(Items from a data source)
────
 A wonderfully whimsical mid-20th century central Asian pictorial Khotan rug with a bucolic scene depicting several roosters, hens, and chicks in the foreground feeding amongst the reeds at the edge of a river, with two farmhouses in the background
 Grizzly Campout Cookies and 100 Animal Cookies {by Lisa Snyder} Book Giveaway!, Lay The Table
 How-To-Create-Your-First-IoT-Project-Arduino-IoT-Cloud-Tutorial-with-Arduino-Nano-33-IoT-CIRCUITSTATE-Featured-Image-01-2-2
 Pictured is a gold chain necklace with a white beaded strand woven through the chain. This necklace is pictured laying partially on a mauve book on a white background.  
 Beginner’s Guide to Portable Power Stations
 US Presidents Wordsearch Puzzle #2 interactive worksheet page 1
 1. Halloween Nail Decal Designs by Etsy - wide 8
────
Directions:
Begin with the line that contains "Beginner’s Guide to Portable Power Stations" and quote each line after it exactly, stopping after the last line of the data.

Result for this task:
 Beginner’s Guide to Portable Power Stations
 US Presidents Wordsearch Puzzle #2 interactive worksheet page 1
 1. Halloween Nail Decal Designs by Etsy - wide 8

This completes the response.